Harga Bitcoin Anjlok Usai Dibayangi Sentimen Suku Bunga dan Aksi Jual Investor

Sedang Trending 1 jam yang lalu
Sejumlah koin cryptocurrency ialah Bitcoin, Ethereum, DogeCoin, Ripple, Litecoin. Foto: REUTERS/Dado Ruvic

Bitcoin melanjutkan penurunannya kembali menuju level USD 60.000. Penurunan ini didorong oleh kekhawatiran nan kian membesar atas kacaunya sistem pendanaan Strategy Inc., berbarengan dengan ketakutan bakal kenaikan suku kembang nan meredam permintaan terhadap aset-aset berisiko.

Mata duit mata uang digital terbesar ini sempat ambruk di bawah periode pemisah tersebut dua pekan lampau untuk pertama kalinya sejak akhir 2024. Token nan turun hingga 3,4 persen menjadi 62.184 dolar AS pada hari Kamis, telah kehilangan sekitar 50 persen nilainya sejak mencapai rekor tertinggi pada Oktober tahun itu.

Para pelaku pasar tengah terpaku pada nilai saham preferen Strategy’s Stretch, alias STRC, nan digunakan oleh korporasi pembeli Bitcoin terbesar tersebut untuk mendanai pembelian terbarunya.

Mengutip Reuters, Sabtu (20/6), harganya telah jatuh di bawah nilai nominal, membikin perusahaan nan dipimpin oleh Michael Saylor tersebut tidak mendapat untung jika menjual pengaruh hibrida itu.

Saylor mengejutkan pasar di awal bulan ini dengan menjual sebagian mini Bitcoin setelah bertahun-tahun mendorong para pemegang mata uang digital untuk tidak pernah menjual token mereka.

“Semua mata tertuju pada nilai STRC sebagai tolok ukur tekanan pasar terhadap Strategy.

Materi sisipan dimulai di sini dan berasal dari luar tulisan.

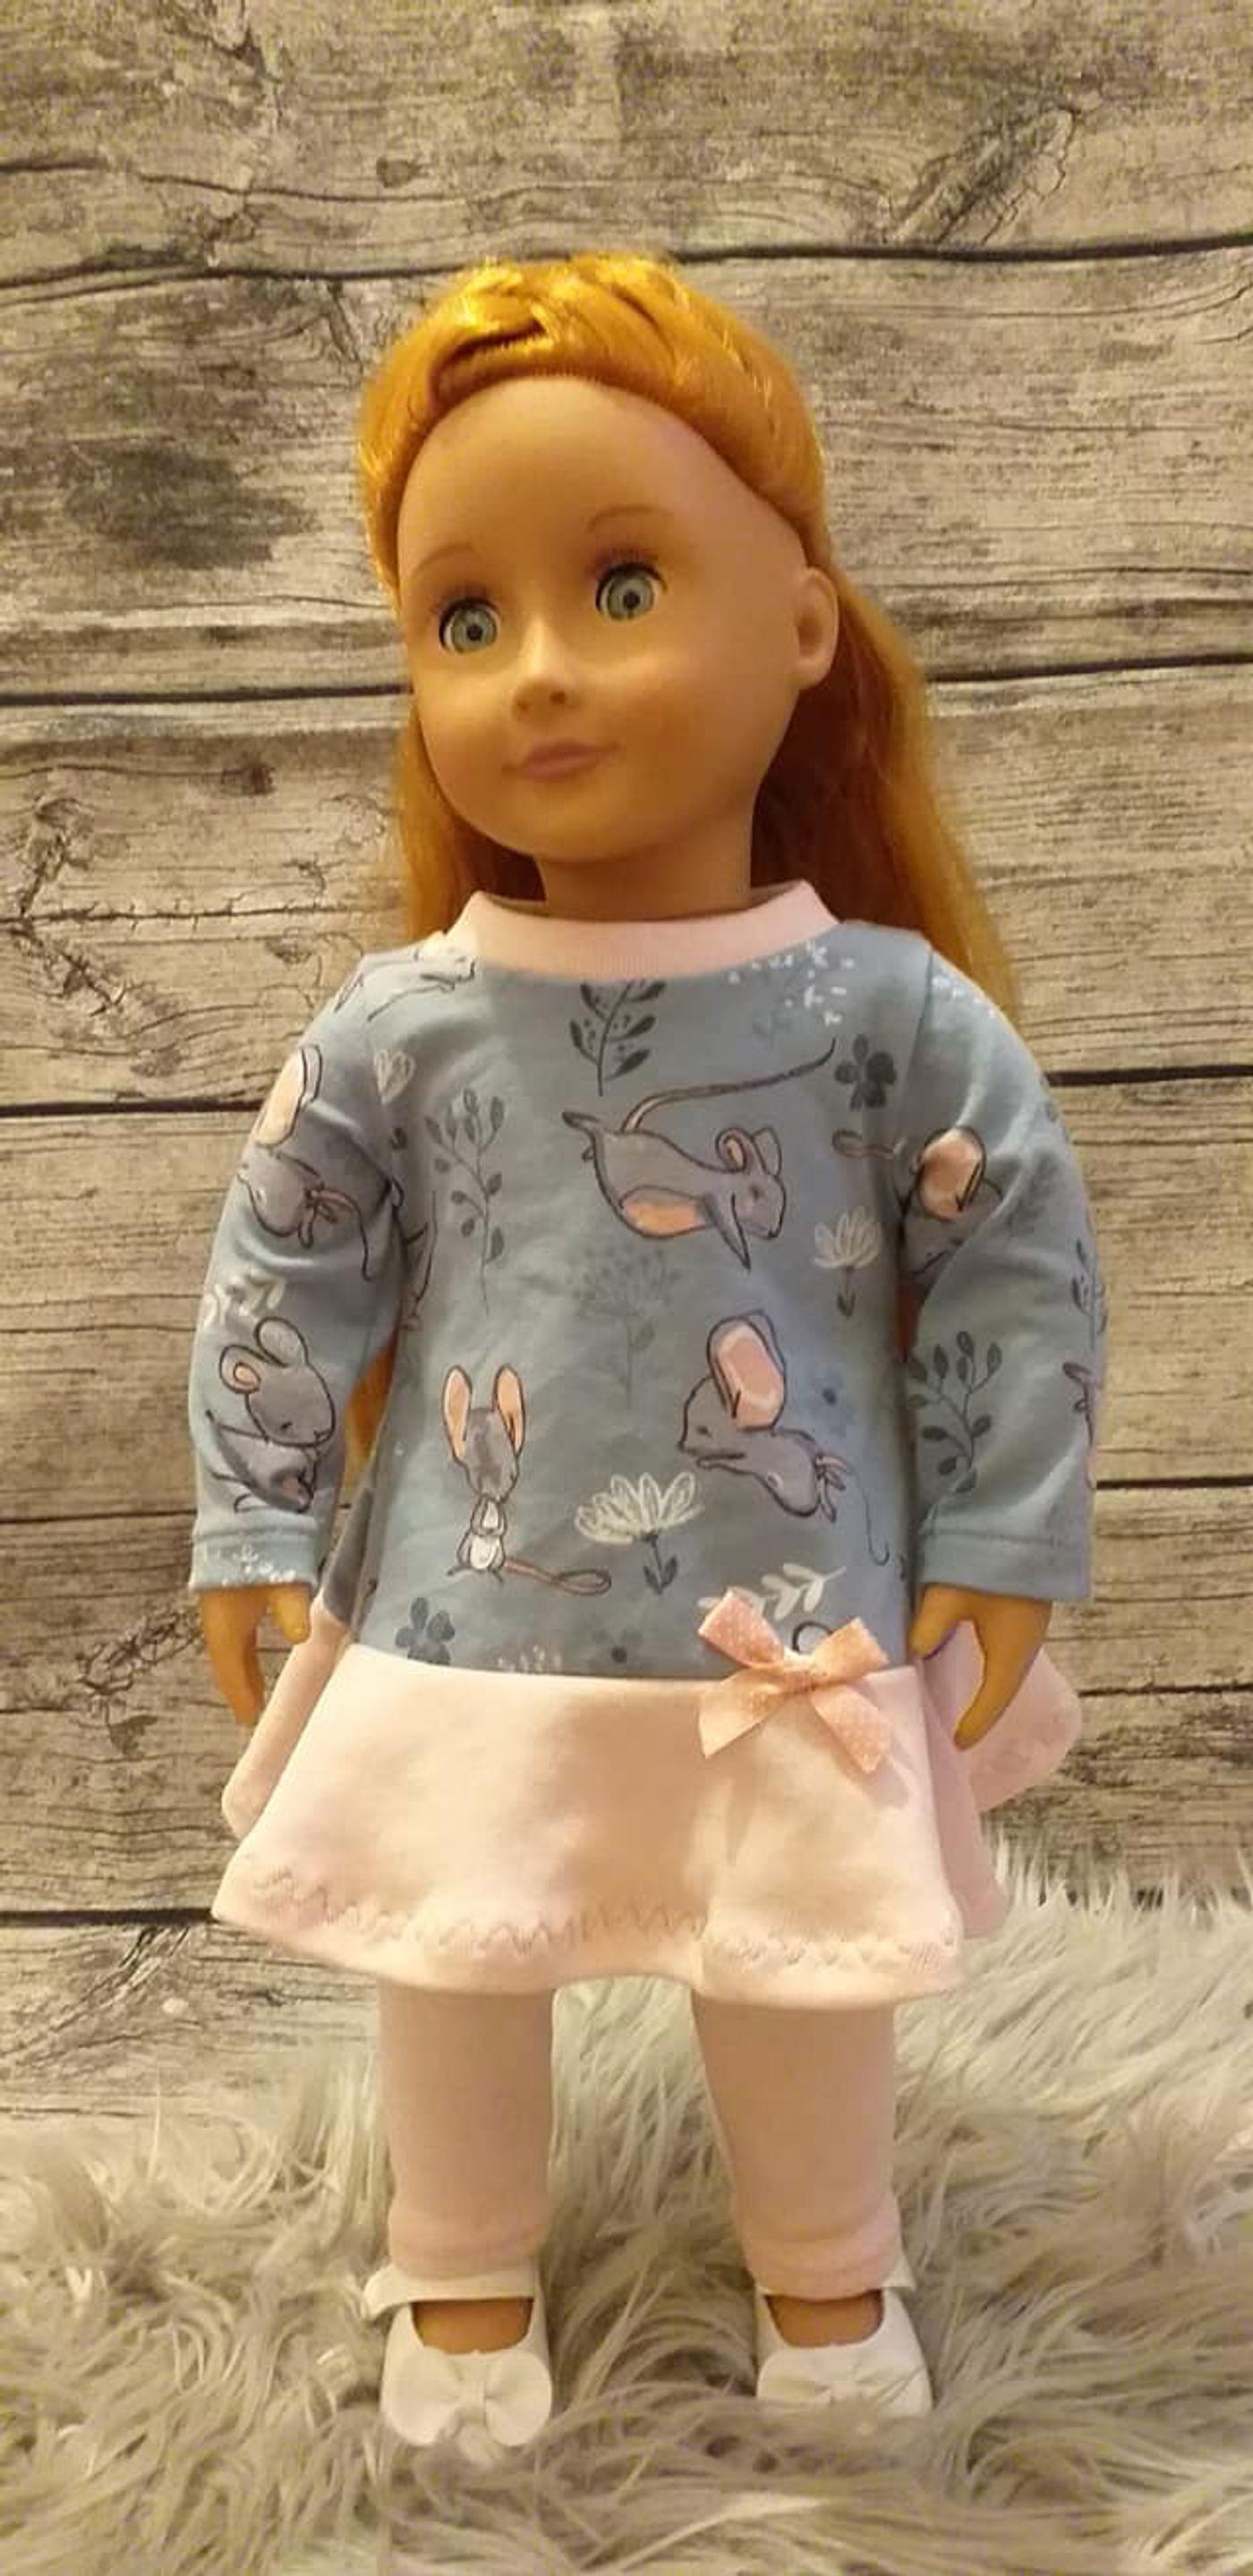 Produktfoto 12 von Happy Pearl für Schnittmuster Little SUNdrina + Happy SUNdrina Tunika/Kleid und 43cm Puppenschnitt

Pasar kemungkinan bakal menguji tekad perusahaan untuk terus membeli BTC daripada menjual sebagian asetnya demi memperkuat persediaan kas dan memperpanjang landasan dividen STRC,” kata Joshua Lim, dunia co-head of markets.

Sementara pasar nan lebih luas terus diperdagangkan lebih tinggi lantaran optimisme di beragam lini, Bitcoin dan token nan lebih mini seperti Ether dan Solana tetap berada di bawah tekanan pekan ini.

“Ada juga masalah kenaikan ekspektasi suku kembang dan gimana perihal itu bakal berakibat pada BTC serta aset berisiko lainnya,” kata Lim.

Kinerja jelek ini sebagian didorong oleh kekhawatiran bahwa Strategy mungkin perlu menjual lebih banyak Bitcoin untuk mendanai pembayaran dividen, terutama setelah membeli kembali Obligasi Senior Konvertibel 2029 senilai 1,5 miliar dolar AS, tulis QCP Capital dalam sebuah catatan.

Saham preferen tersebut dirancang untuk berfaedah sebagai mesin pencari modal di mana Strategy menjual pengaruh tersebut pada nilai nominal 100 dolar AS dan langsung membeli Bitcoin, sementara penanammodal menerima pembayaran dividen tahunan dua digit.

Namun, pengaruh tersebut belum pernah diperdagangkan di level 100 dolar AS sejak 15 Mei, nan merupakan tanggal eks-dividen untuk pembayaran bulan lalu. Di bawah nilai, perusahaan sebenarnya menghimpun modal dengan kerugian lantaran pada akhirnya kudu bayar imbal hasil efektif nan lebih tinggi. Harganya sempat ambruk di bawah 83 dolar AS pada hari Kamis.

Pihak Strategy tidak menanggapi permintaan komentar.

Strategy kudu menjual Bitcoin dalam “jumlah nan sangat besar” alias saham biasanya untuk membantu mengembalikan saham preferen ke sekitar nilai, alias mereka bakal “terus menyaksikan setiap bagian dari struktur modal Anda meleleh lantaran ketidakpastian” nan telah mereka ciptakan, kata Jeff Dorman, Chief Investment Officer di Arca.

Ia mengantisipasi bahwa Strategy bakal terus menjual sejumlah mini saham biasa setiap bulannya.

Saham Strategy merosot 3,5 persen pada hari Kamis, dan telah turun sekitar 14 persen sejak nilai penutupan hari Senin. Saham tersebut telah jatuh 70 persen dalam satu tahun terakhir.